Зеркало было старое, даже старинное. Мама говорила, что оно висело еще в большой казенной квартире ее отца, когда он служил начальником станции Галахово. Шириною оно было в полметра, а высотою как Симка. В облезлой деревянной раме с завитушками. Его расположили не в “общей” комнате, где спал Симка, а в маленькой, где устроились мама и Андрюшка. Повесили повыше пола и наклонно. Благодаря этому любой человек отражался в нем в полный рост. Симка, когда он оставался в доме один, порой вертелся перед зеркалом, чтобы разглядеть получше — что он за человек? Но так бывало днем, при ярком свете. А по вечерам глубина за мутноватым и с пятнышками стеклом делалась темной и непонятной. Заглядывать в нее не хотелось.
Но несколько дней назад Симка все-таки заглянул. Это Который Всегда Рядом подначил его. Когда очередной тягучий страх стал обволакивать Симку, Который хмыкнул:
“До чего боязливый червяк, смотреть тошно...”.
“Ну и не смотри!”
“Я и не смотрю. А ты сам на себя погляди. Бледная козявка, уши от страха прозрачные...”.
“Сам ты...”.
“Ну, взгляни, взгляни в зеркало, но кого ты похож... Боишься? Даже посмотреть боишься!”
Чтобы поставить на место зарвавшегося “Которого” и чтобы не капитулировать перед страхом безоговорочно, Симка решил посмотреть. В комнате, где зеркало, свет включать он не стал, включил в “общей” — так, чтобы лучи падали в широкую дверь, со спины. Тогда они будут освещать не самого Симку, а его отражение (об этом способе написано в “Занимательной оптике”).
Потом Симка стиснул кулаки и встал перед зеркалом.
А в темном прямоугольнике, наклонившись навстречу, встал обрисованный лучами лампочки мальчишка — в точности такой же.

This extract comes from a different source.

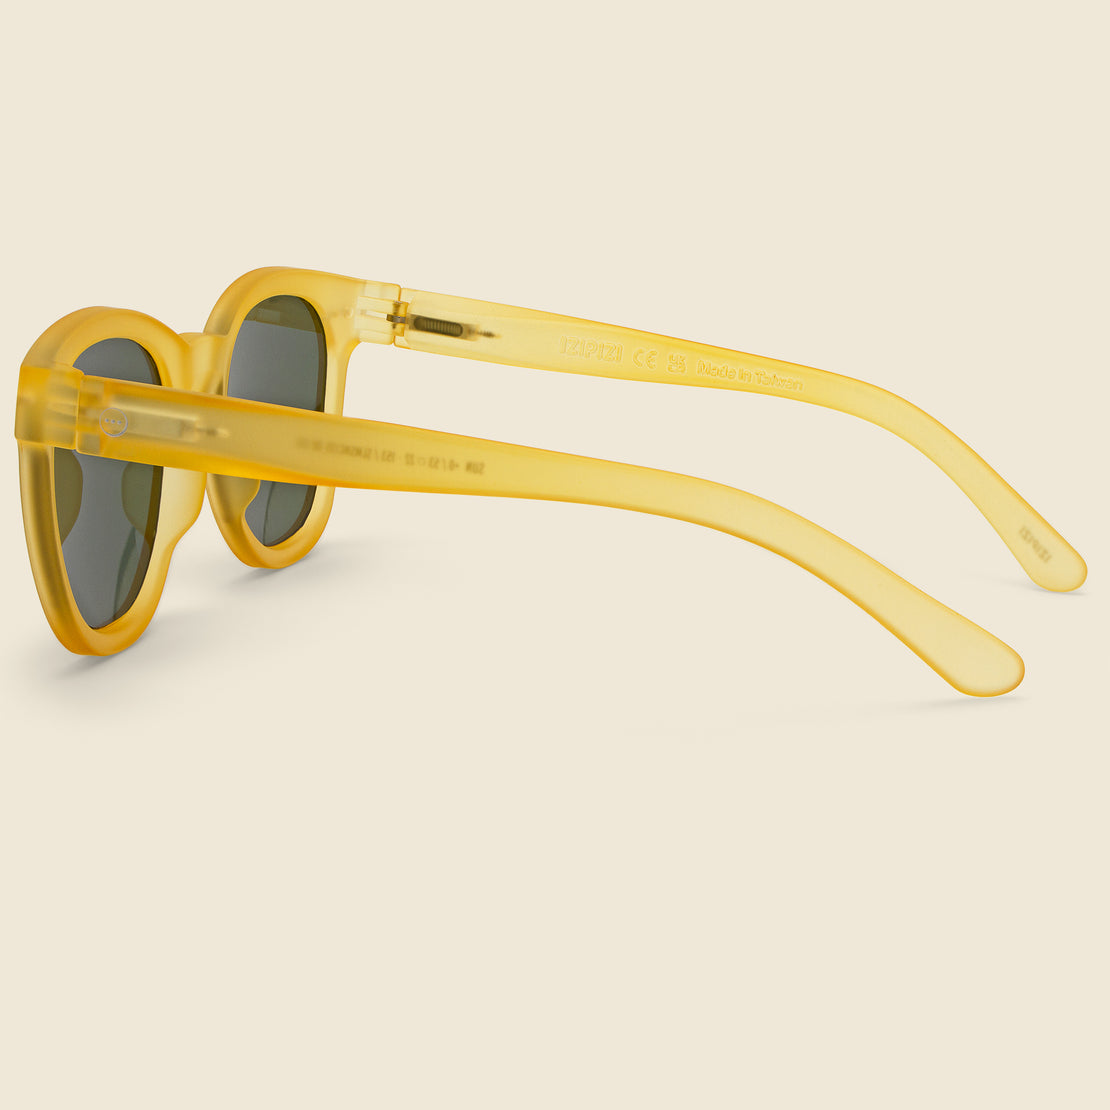 The Trapeze Oversize #N - Yellow Honey - Izipizi - STAG Provisions - Accessories - Eyewear

Ну и что? По виду ничуть не скажешь, что испуганный. Симка как Симка. Такой же, как другие ребята. Ну, разве что, чересчур аккуратный — не туреньский, а скорее московский или ленинградский мальчик. В ладном таком, заграничного покроя, пиджачке, в торчащих из-под пиджачка коротеньких брючках с отглаженными стрелками, в тугих светлых гольфах и новеньких сандалиях. С гладко зачесанной набок прической пенькового цвета. С блестящим стеклянным значком на лацкане. Мальчик только что вернулся с выставки в московском Манеже...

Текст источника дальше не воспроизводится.